The Shogun & The Donut
We were supposed to enjoy hanami (a traditional Japanese picnic under cherry blossoms) on Saturday, but it rained so we cancelled. This left more time to begin a roadtrip!Riccardo often travels to Nagoya for work, and on one such occassion he noticed an advertisement for Kankokyokai, a festival in celebration of a military training held at Okazaki Castle in Okazaki City, Aichi Prefecture when the capital of Japan was moved from Kyoto to Edo (Tokyo). The festival involves a parade and a re-enactment of the training; the promise of large swords and gunsmoke was enough to produce a good bit of excitement in the boy, and as such, we were off.
Riccardo loves maps. He carefully plotted our course to the finest detail with a huge textbook-like map. We barely veered off course, though the drive was a little longer than anticipated. All the Japanese people we talked to about our plan urged us not to drive, but in the end we were both glad to have seen the sites.
Our course lead us along a pristine mountain road. The winding road saw us through many tunnels and over a breathtaking corkscrew bridge along the mountainside; at night this bridge was beautifully lit and very impressive.
The drama: At half a tank of gas there was talk of refueling. As we had completed more than half of our journey, we decided to wait. We failed to factor in that Japan closes shop at around 9pm, at least in any towns smaller than 100,000 in population. Our mountain rode was not only in the middle of nowhere, but sparsely populated. You can guess what happened...
My gas-light blinked on miles from anywhere. We became a little nervous after passing numerous closed gas stations and no hotels. We became more nervous after an hour of driving in these conditions. We tentatively discussed where to park if we ran out of gas. We pretended we weren't nervous so as not to scare one another. We finally came upon a 24-hour gas station and refueled. We celebrated and thanked whomever required thanking that we were not stranded in the Japanese wilderness.
The next morning we made our way to the parade grounds in downtown Okazaki. We wedged in among the throngs of JAPANESE PEOPLE and even climbed on top of a small metal fence to get a better view.
This man likes donuts. So said Riccardo in a running commentary of the inaudible conversation of the traffic control/security personnel. A snipit:
"Mmmmmm, chocolate donuts..."
"No, no, we should get cream-filled donuts."

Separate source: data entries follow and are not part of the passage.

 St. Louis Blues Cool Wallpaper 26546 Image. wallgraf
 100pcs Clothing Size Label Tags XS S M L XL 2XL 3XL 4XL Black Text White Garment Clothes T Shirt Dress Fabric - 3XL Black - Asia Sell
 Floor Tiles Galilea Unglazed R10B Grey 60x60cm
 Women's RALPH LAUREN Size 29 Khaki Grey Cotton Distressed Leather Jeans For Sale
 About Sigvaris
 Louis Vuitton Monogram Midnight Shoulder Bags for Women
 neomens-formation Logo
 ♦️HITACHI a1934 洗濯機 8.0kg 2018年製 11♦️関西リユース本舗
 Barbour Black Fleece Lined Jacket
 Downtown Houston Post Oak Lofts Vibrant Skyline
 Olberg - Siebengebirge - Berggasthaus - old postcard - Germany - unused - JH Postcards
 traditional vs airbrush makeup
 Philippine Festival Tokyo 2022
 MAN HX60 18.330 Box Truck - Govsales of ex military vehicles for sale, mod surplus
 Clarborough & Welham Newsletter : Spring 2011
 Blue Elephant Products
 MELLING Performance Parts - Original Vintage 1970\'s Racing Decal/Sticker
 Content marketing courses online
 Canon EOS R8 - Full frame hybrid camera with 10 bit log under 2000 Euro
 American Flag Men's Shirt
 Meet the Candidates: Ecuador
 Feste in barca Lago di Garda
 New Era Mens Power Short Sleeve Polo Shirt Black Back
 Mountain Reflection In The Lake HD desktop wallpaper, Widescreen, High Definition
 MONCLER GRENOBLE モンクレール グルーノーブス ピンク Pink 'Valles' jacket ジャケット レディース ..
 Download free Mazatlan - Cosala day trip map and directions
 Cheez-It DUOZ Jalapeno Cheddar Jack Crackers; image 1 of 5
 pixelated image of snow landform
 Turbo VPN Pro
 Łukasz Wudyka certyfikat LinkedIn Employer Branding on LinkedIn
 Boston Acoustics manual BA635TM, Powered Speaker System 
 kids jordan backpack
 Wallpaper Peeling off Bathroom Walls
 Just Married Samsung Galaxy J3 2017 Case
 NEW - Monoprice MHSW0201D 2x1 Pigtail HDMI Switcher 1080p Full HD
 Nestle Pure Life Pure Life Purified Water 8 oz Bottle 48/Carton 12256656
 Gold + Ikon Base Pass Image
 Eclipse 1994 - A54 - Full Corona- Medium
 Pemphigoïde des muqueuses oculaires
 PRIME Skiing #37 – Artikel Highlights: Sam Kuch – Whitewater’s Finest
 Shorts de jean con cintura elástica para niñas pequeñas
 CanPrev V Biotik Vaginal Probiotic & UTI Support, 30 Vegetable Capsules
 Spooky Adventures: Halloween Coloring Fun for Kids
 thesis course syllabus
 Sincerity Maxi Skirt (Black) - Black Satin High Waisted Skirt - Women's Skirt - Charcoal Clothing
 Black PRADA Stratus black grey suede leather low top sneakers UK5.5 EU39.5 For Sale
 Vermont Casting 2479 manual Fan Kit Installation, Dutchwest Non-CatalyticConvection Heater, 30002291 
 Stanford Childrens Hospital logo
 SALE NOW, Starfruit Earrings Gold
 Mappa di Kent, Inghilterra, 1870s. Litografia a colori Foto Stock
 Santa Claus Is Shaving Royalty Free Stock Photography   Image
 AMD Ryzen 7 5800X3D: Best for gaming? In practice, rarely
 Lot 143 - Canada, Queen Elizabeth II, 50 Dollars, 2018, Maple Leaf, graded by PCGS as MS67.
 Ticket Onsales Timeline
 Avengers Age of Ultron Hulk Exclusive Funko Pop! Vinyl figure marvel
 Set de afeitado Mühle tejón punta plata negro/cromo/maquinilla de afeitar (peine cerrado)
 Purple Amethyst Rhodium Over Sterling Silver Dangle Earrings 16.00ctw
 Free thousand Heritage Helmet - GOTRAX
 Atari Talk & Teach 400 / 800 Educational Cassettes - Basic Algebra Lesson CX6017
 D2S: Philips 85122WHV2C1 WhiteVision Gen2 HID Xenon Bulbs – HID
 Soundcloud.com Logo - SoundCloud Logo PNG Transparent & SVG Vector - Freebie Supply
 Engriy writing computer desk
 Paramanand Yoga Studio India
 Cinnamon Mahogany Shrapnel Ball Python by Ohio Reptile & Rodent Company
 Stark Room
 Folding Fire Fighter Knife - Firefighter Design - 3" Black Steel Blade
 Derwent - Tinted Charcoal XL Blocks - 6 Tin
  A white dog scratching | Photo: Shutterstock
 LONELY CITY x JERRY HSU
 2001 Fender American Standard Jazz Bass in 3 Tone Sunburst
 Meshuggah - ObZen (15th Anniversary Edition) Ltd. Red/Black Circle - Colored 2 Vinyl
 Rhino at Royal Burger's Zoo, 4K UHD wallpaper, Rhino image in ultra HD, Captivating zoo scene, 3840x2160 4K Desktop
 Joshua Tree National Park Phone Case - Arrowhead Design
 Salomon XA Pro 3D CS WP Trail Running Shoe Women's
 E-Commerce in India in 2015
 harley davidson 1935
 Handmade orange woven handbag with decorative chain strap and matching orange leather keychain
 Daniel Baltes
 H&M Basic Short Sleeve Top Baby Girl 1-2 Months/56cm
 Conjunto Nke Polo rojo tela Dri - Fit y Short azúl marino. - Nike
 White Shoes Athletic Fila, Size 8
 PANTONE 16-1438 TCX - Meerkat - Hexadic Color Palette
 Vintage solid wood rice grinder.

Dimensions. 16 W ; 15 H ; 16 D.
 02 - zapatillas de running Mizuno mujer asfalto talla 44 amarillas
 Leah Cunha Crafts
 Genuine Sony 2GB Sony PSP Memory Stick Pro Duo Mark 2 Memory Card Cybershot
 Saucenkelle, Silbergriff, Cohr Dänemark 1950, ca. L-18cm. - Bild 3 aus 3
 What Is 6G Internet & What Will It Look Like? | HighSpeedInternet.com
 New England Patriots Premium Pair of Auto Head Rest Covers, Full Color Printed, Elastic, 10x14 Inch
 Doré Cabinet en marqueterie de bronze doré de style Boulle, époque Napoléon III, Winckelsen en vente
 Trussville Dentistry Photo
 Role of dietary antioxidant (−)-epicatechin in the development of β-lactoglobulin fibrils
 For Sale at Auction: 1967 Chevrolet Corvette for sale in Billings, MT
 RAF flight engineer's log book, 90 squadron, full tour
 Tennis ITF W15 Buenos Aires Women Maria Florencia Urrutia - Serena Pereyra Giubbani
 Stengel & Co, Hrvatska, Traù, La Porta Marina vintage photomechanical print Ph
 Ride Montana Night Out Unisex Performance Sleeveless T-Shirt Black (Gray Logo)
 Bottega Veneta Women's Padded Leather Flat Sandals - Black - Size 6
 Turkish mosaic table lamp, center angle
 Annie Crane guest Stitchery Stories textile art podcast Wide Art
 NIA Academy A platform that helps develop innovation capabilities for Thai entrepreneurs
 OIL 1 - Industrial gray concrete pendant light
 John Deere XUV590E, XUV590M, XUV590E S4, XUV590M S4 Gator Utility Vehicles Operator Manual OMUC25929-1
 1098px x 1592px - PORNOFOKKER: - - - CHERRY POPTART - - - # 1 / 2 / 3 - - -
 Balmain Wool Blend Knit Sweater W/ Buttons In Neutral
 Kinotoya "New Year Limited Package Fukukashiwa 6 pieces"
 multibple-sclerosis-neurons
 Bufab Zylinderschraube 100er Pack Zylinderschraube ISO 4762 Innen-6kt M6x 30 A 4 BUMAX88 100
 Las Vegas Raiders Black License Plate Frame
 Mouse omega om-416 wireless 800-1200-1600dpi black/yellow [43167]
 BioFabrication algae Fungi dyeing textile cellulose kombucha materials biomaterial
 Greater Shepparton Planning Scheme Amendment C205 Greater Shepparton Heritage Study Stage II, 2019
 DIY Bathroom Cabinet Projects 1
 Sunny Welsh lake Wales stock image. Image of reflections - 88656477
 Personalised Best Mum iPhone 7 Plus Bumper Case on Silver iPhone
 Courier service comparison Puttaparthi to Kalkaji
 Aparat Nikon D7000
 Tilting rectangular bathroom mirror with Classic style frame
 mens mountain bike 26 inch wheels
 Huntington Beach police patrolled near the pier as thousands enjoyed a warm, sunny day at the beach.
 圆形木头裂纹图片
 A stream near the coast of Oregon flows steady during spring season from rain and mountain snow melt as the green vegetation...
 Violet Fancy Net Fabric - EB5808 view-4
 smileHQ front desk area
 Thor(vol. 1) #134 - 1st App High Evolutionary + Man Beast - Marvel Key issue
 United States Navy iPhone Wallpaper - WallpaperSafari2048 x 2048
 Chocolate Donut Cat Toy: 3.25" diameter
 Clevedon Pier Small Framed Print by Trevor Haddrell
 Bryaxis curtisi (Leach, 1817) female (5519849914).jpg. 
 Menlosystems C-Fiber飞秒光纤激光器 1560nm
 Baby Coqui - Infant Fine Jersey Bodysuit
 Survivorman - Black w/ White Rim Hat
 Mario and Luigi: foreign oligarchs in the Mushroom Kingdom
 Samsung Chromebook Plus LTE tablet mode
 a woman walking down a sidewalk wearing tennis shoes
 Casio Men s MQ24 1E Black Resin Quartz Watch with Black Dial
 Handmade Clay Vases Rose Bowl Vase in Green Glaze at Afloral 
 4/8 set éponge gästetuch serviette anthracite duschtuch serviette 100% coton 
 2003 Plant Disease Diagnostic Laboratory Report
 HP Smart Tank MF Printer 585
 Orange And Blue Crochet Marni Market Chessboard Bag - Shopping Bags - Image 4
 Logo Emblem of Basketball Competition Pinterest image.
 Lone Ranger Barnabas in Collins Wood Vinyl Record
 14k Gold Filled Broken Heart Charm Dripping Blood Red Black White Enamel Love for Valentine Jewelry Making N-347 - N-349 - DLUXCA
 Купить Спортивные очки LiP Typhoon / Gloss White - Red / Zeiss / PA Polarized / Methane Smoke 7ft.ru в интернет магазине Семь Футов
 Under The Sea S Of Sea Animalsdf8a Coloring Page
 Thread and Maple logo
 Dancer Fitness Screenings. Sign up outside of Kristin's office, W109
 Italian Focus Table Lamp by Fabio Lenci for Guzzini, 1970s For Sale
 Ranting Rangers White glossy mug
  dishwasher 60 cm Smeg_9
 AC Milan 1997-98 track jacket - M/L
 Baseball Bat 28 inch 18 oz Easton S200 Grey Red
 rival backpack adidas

"Mmmmmm, but chocolate donuts..."
"Chocolate is good, but really (rrriiirrriii), we should at least consider the glazed."
"I want chocolate donuts."
Guess maybe you had to be there. But doesn't he look like he's got an affection for donuts?
The parade featured numerous school bands; town celebrities (mayor, etc.); women dressed as geisha; an army of costumed actors ready to perform the re-enactment. At one point, Riccardo and I were as delighted as school children to have been spotted as gaijin (foreigners) within the masses by the "Shogun"(ruling lord?) who made a deliberate gesture in our direction.
We followed to procession to the riverside where the theatrical section was held: the training session. There was a galore of marching and gun-fire, all topped with fireworks.
We then visited the castle: a recreation of the original, which was destroyed in 1873/74. The recreation is based on the original design, constructed in 1455, relocated in 1531 and enhanced in 1590. The museum inside the castle showcased various swords, guns, military garb, scrolls, logs (of the book variety) and miniatures of the original castle and grounds. Among the sakura (cherry blossoms) the castle was magnificent.
After dinner at an authentic Sushi-ya, Riccardo and I hit the highway back to Tochigi (his prefecture). To save time, we carefully chose Expressways, which were not as costly as anticipated. Thankfully I was off work on Monday and I spent most of the day catching up on the sleep I lost over the weekend. Unfortunately Riccardo was not so lucky. Poor boy.
Cheers to my travelmate for planning and executing a fantastic trip, and for unwittingly donating pictures to this blog.
Hey, these guys WERE talking 'bout donuts! You could see their mouth water and they were hectically pointing down the road towards "Mr. Donuts" shop - riiiriii!!!
Thanks so much for coming along and for all the laughs! Can't touch this!